[Collected data entries]

★ ★ ★ ★

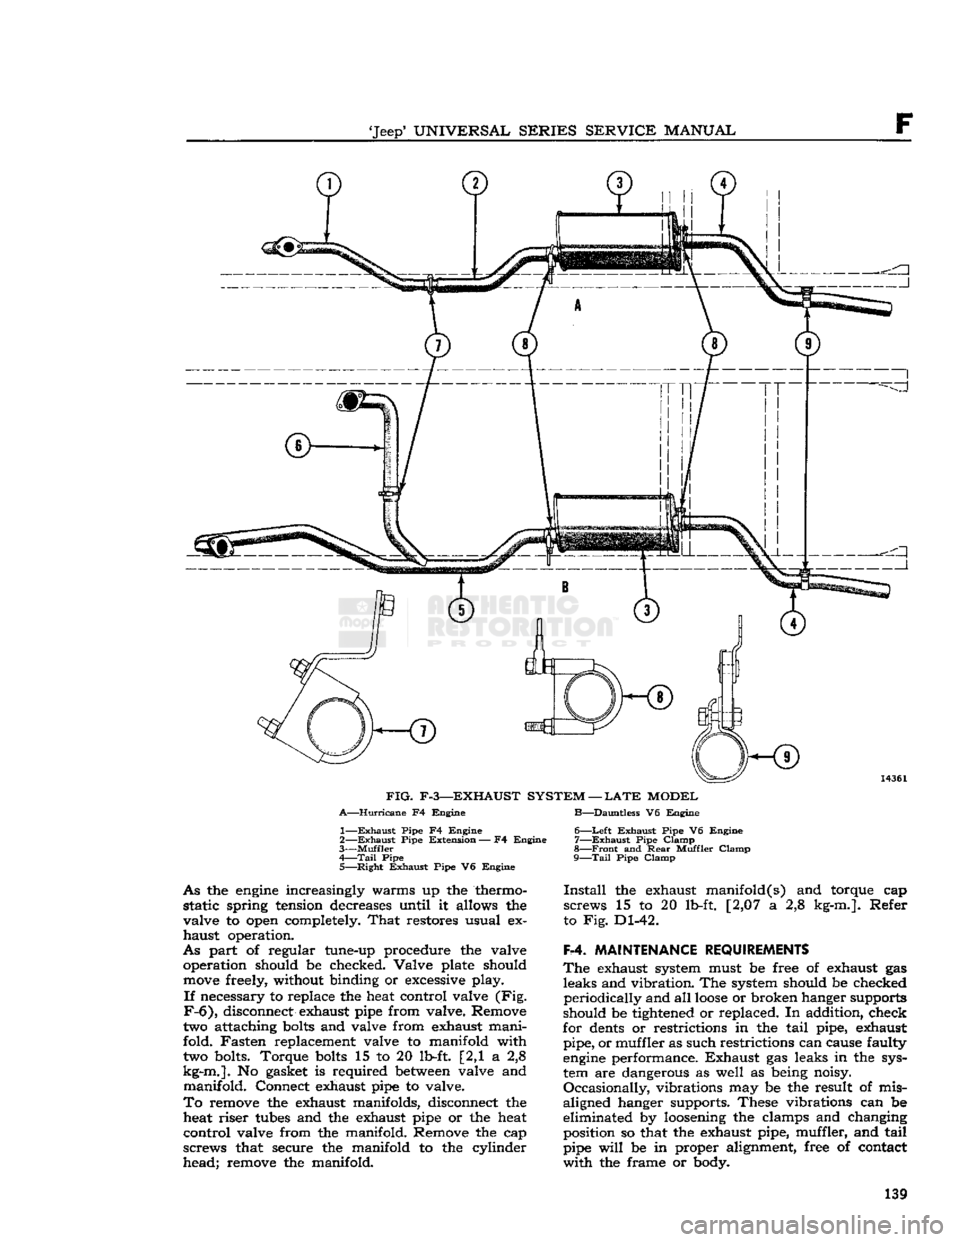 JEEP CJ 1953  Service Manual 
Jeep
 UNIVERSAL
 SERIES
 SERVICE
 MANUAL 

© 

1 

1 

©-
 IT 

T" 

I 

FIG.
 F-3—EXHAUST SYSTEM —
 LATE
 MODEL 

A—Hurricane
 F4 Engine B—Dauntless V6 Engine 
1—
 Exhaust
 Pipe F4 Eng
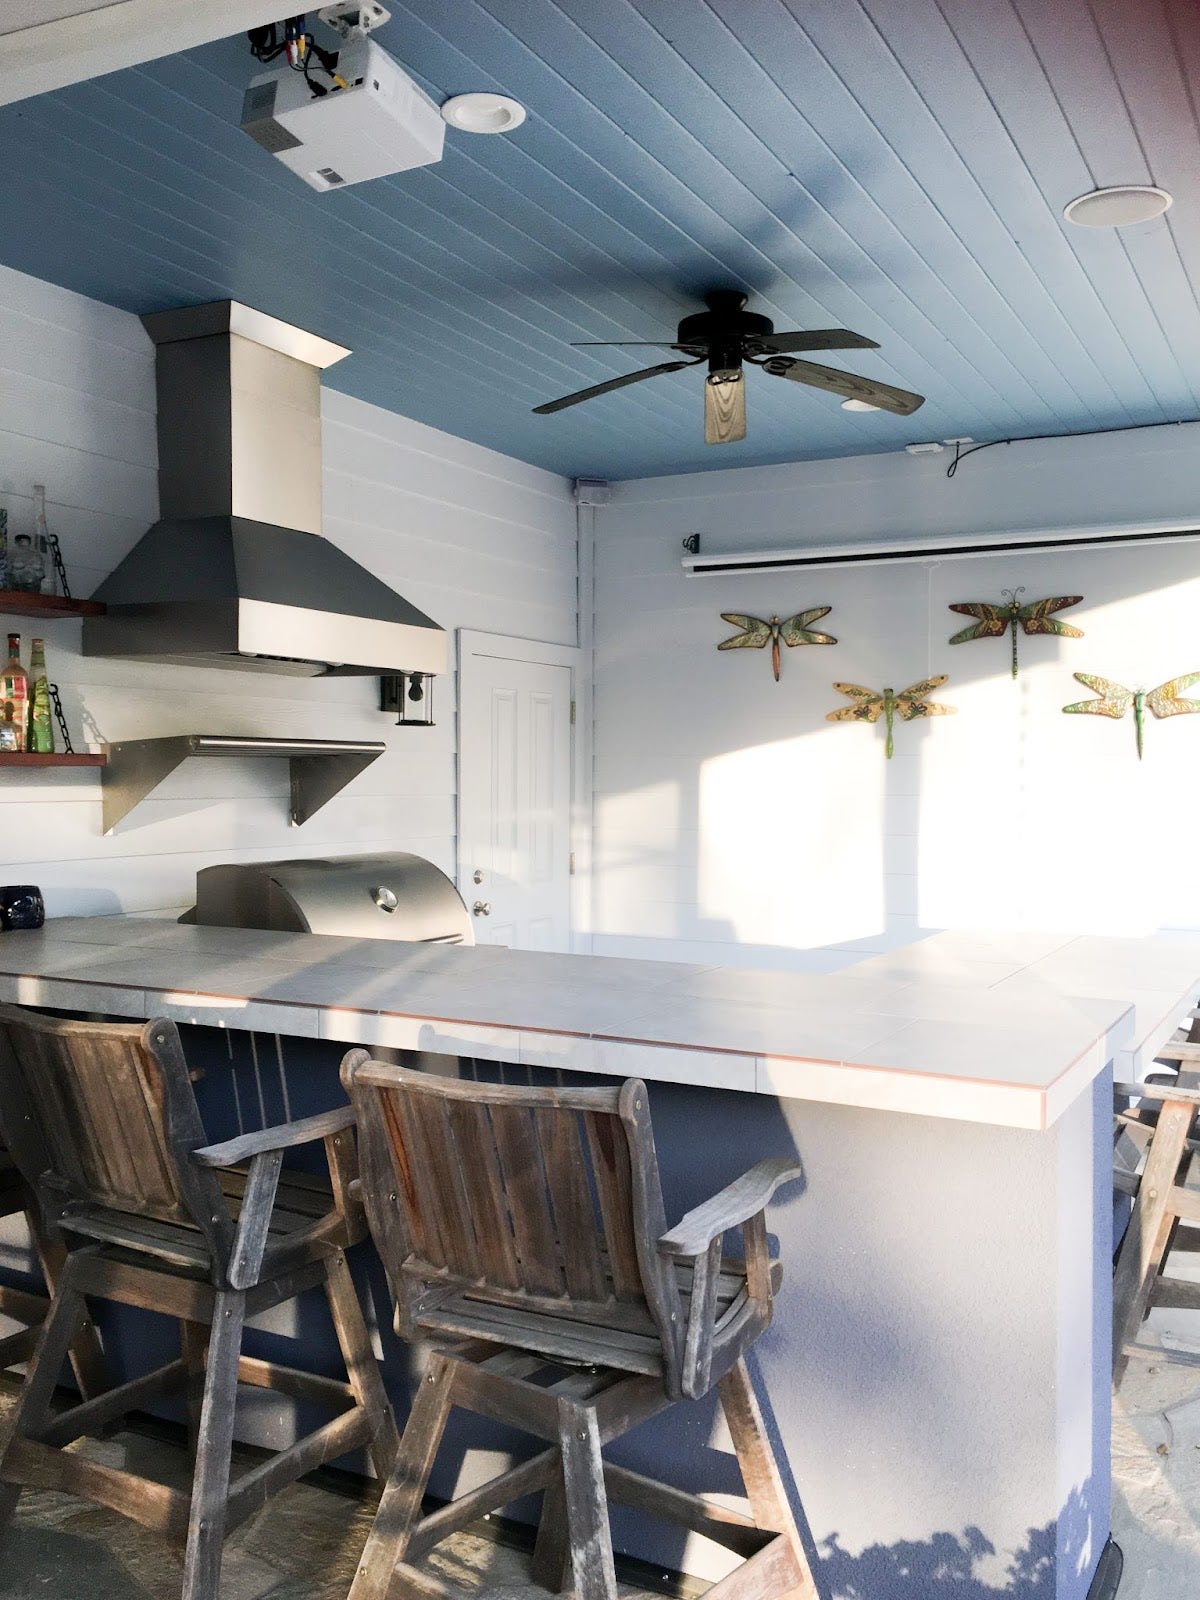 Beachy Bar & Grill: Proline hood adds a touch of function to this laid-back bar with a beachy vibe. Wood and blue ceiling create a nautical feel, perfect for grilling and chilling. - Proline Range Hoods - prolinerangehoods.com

★ ★ ★ ★

What is needed is a verbatim copy of every entry, with the pictures omitted.

 JEEP CJ 1953  Service Manual 
Jeep
 UNIVERSAL
 SERIES
 SERVICE
 MANUAL 

© 

1 

1 

©-
 IT 

T" 

I 

FIG.
 F-3—EXHAUST SYSTEM —
 LATE
 MODEL 

A—Hurricane
 F4 Engine B—Dauntless V6 Engine 
1—
 Exhaust
 Pipe F4 Eng
 Beachy Bar & Grill: Proline hood adds a touch of function to this laid-back bar with a beachy vibe. Wood and blue ceiling create a nautical feel, perfect for grilling and chilling. - Proline Range Hoods - prolinerangehoods.com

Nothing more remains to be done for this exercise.